Thanks James, tag / faceted search is something I've envisioned for openjournal. I'll start working on the feature.

streptomycin · on Feb 26, 2013

I used to use plain text files. Recently I started using Mendeley because it's so damn convenient and it has a very nice UI, but my problems with Mendeley are (1) comments are private and (2) it's proprietary.

http://www.researchblogging.org/ is a great website that aggregates more long-form posts about papers, but it has a really shitty UI and it doesn't do anything for short comments on random papers by random non-bloggers.

mekarpeles · on Feb 27, 2013

Let's see what inspiration we can draw from researchblogging.org -- I've read a bunch of data driven / research oriented blogs (or blogs about [understanding] research) and found them helpful.

MrGunn · on Feb 27, 2013

Research blogging is great, but just to clear up the misunderstanding, comments are only private on Mendeley if you make them in a private group. Public groups are open to the web.

mekarpeles · on Feb 26, 2013

I'm a fan of plaus, academia, and mendley, etc. I wish there was more of an outlet/community for people to contribute their own research (in a way that made the research repeatable and improvable)

jayunit · on Feb 26, 2013

Mek, this is great. Thanks for sharing & open-sourcing it. I love the idea of bringing together paper discussions online - whether post-publication peer review like f1000research.com or more casual discussion like r/science.

One challenge I've found is that it's often difficult for discussion sites to gain sufficient traction to build a critical mass of discussion - http://plasmyd.com, http://papercritic.com, http://scicombinator.com, http://chemfeeds.com.

I wonder if focusing on supporting existing small-group interactions (real-life journal clubs) would help?

I took a slightly different approach when I wrote http://www.papernautapp.com and chose instead to aggregate existing discussions about academic papers (mostly blogs, a few news sites, HN, and r/science, with a goal to cover to more sites and mailing lists). It's also freely licensed, and there are some interesting things I discovered that might be useful to OpenJournal (looking at your TODO list and GH issues):

* CrossRef.org runs a ton of cool lookup/crossref/deref services at http://labs.crossref.org/

* They also have some great libraries at https://github.com/crossref/ - who wouldn't geek out at this: http://labs.crossref.org/pdfextract/

* If you want to do some auto-identification on webpages, the https://github.com/zotero/translators project is great and actively maintained by the Zotero community.

(Some notes on how Papernaut is put together, if you're interested: http://jayunit.net/2013/01/06/papernaut-exploring-online-dis... )

Lastly, if you're fostering discussion and feedback on papers, there's overlapping interest with the http://altmetrics.org and http://altmetric.com folks.

ejstronge · on Feb 27, 2013

I think the issue of getting enough traction might be mitigated by restricting the papers that could be discussed. HN is a good example of this - very few posts engender discussions but those that seem promising (by the number of upvotes) are given a spotlight on the front page.

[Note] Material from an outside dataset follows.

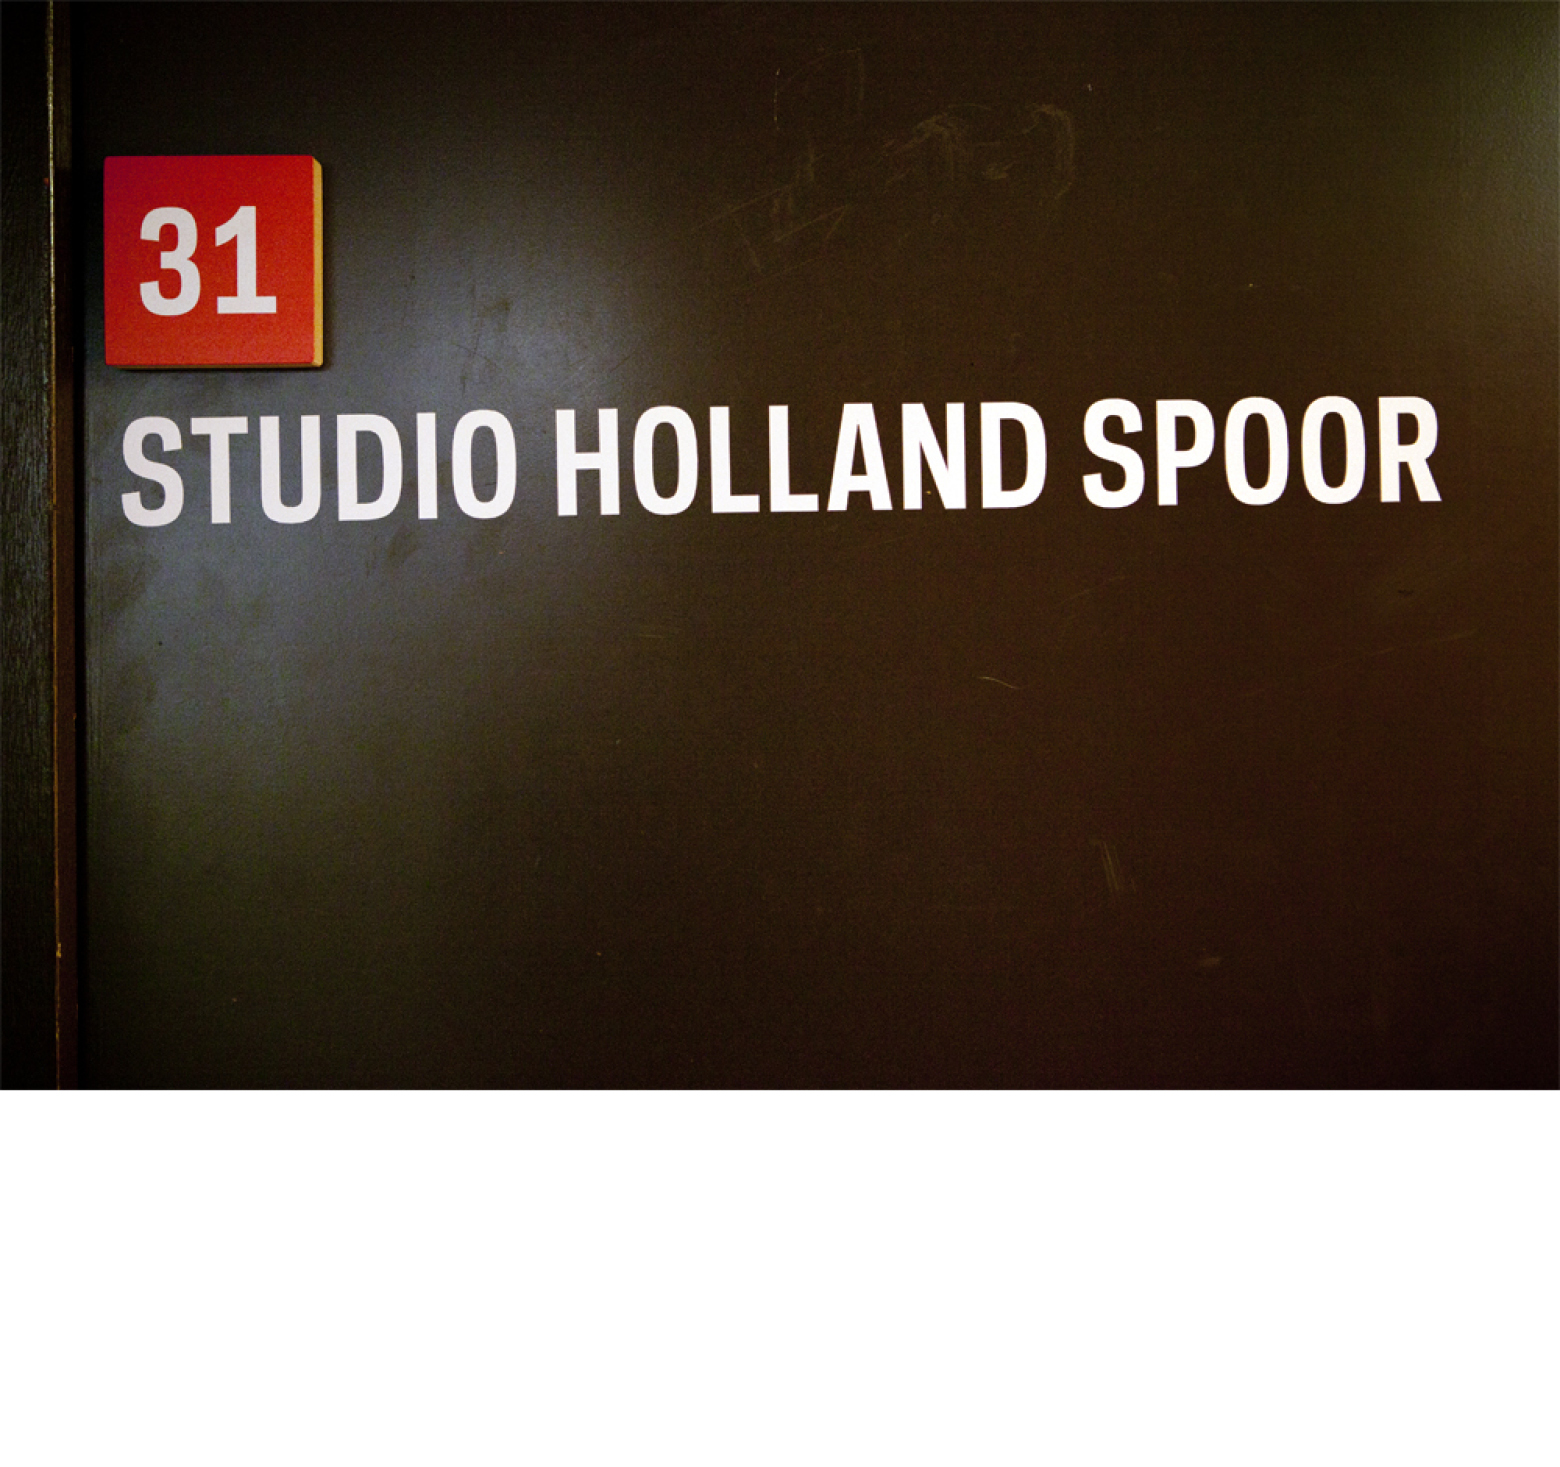 HPC_Studio_Het_Mes_holland spoor 31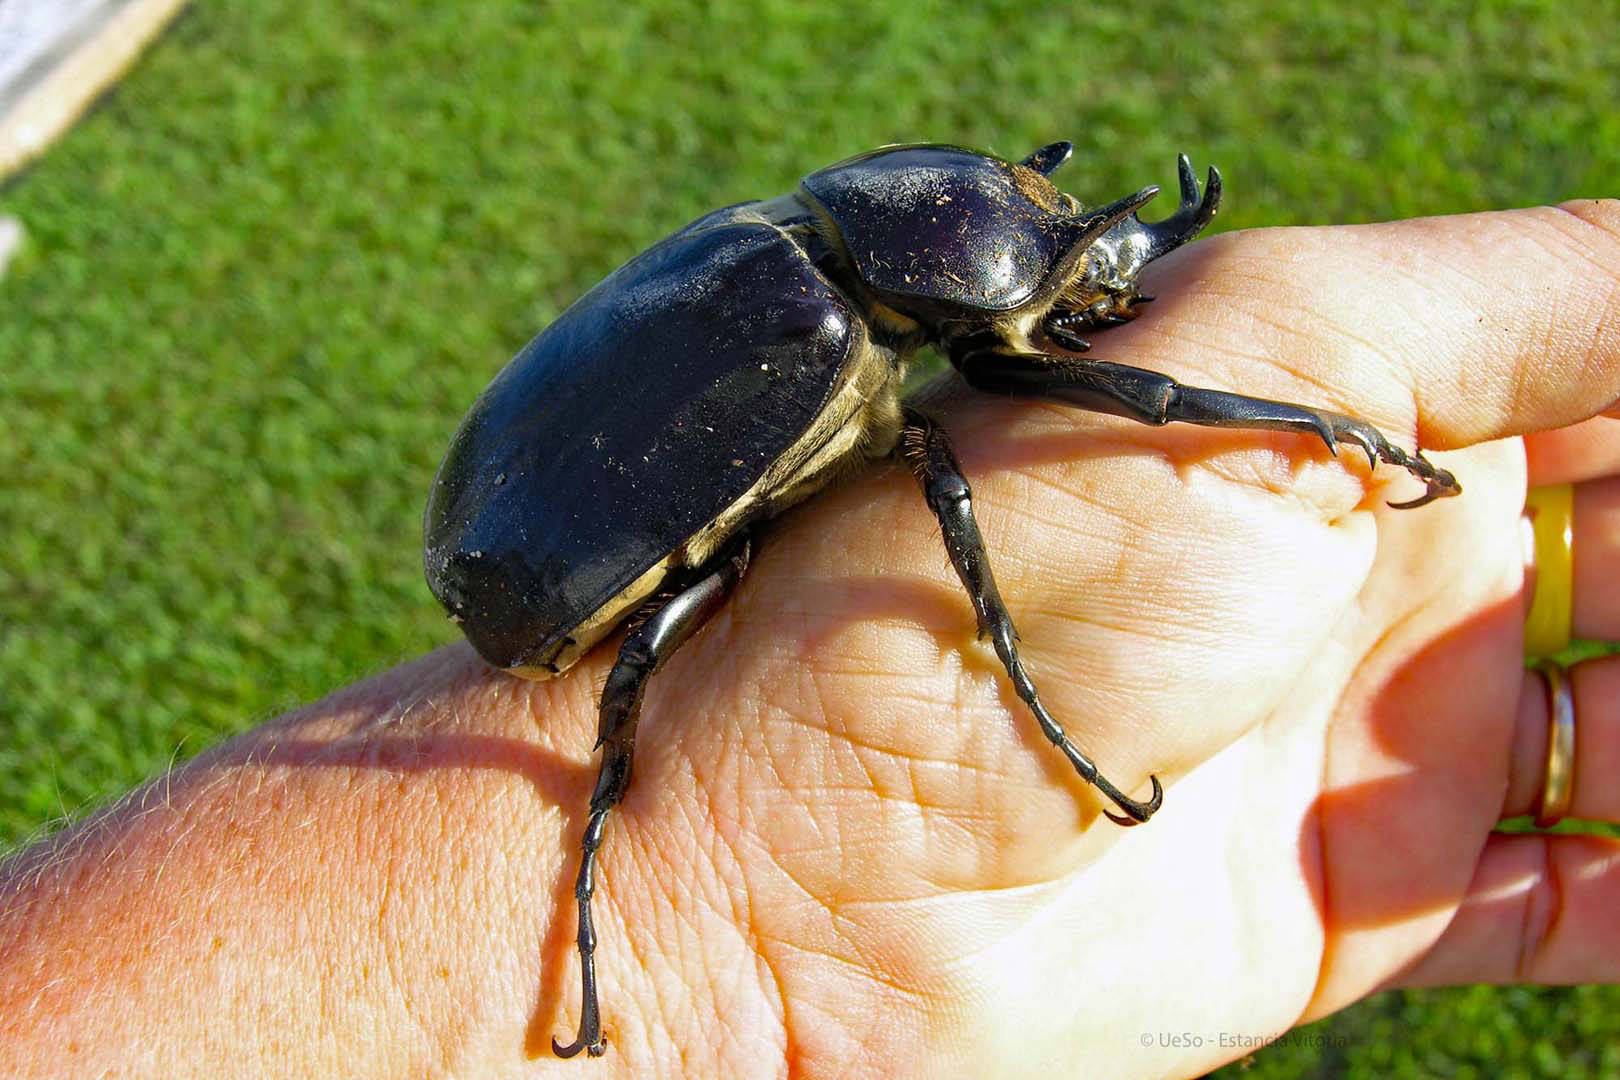 escaravelho preto

I think an improvement to the services you linked to would be to add a few new articles each week from very selective journals/conferences in each field. I imagine existing measures like a journal's impact score or the number of a conference's attendees would be a good start and tracking blogposts (as you're already doing) could be a good supplement.

This might help pull older or less visible publications out of obscurity; if something published in a ___domain-specific journal is germane to a discussion, a commenter might point this out while discussing a more highly visible article.

mekarpeles · on Feb 27, 2013

Thanks ejstronge and great idea. I'll see if I can get a group of hackers together to post one recommended paper a week.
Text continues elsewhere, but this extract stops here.